Я боязливо оглянулась на дом. Качели из кухонного окна видны прекрасно. Так же как и слышны разговоры.

– Нет, – отказала я ему, впрочем, очень кокетливо, надеясь, что он все поймет без объяснений.

Не понял, потому что нахмурился и запыхтел, но возражать не решился. Ну и здорово же я его вымуштровала! Надо как-то спускать это дело на тормозах, хотя я полагала, что столь наглядное смирение долго не продлится.

– Ты на байке? – я посмотрела на свои джинсы, в которых вполне можно было и по лесу побродить. – Не отвезешь меня на лужок, хочу ромашки пособирать.

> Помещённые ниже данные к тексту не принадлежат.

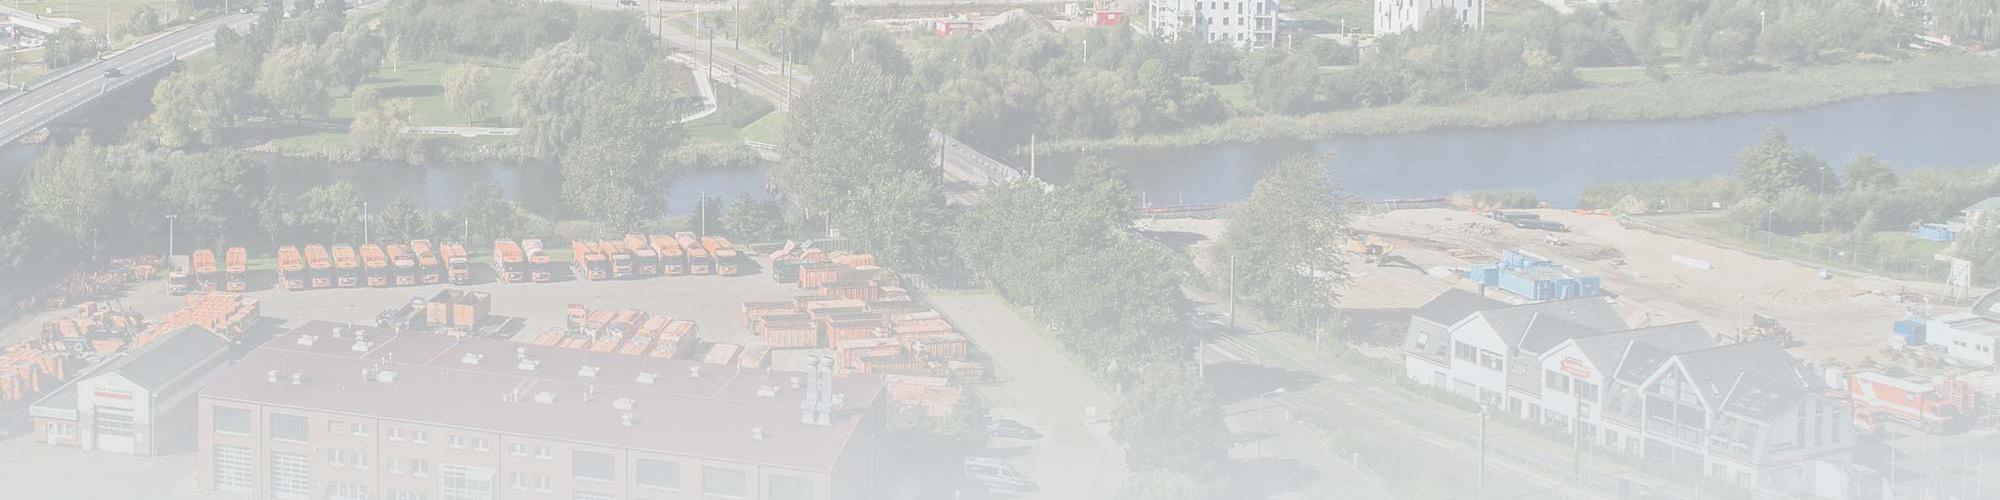 Stadtentsorgung Rostock GmbH

Ромашка мне действительно была нужна, прошлогодняя закончилась, а в этом году я ее собрать как-то не удосужилась, со временем был постоянный напряг. Август, правда, не самый лучший месяц для сбора лекарственных трав, но что делать?

Зашла в дом, взяла косынку, повязала голову, у Алексея наверняка запасного шлема нет. Предупредила тетю Нину, чтоб не волновалась. Услышав, что я еду в лес, Сашка с Иринкой подняли требовательный крик, надеясь, что я возьму их с собой. Погрозив им пальцем, я вышла из калитки.

Красовский уже ждал меня на ревущем байке. Шлема у него, как я и предполагала, не было, но это меня не особо беспокоило, на голове у меня косынка, а лужок рядом.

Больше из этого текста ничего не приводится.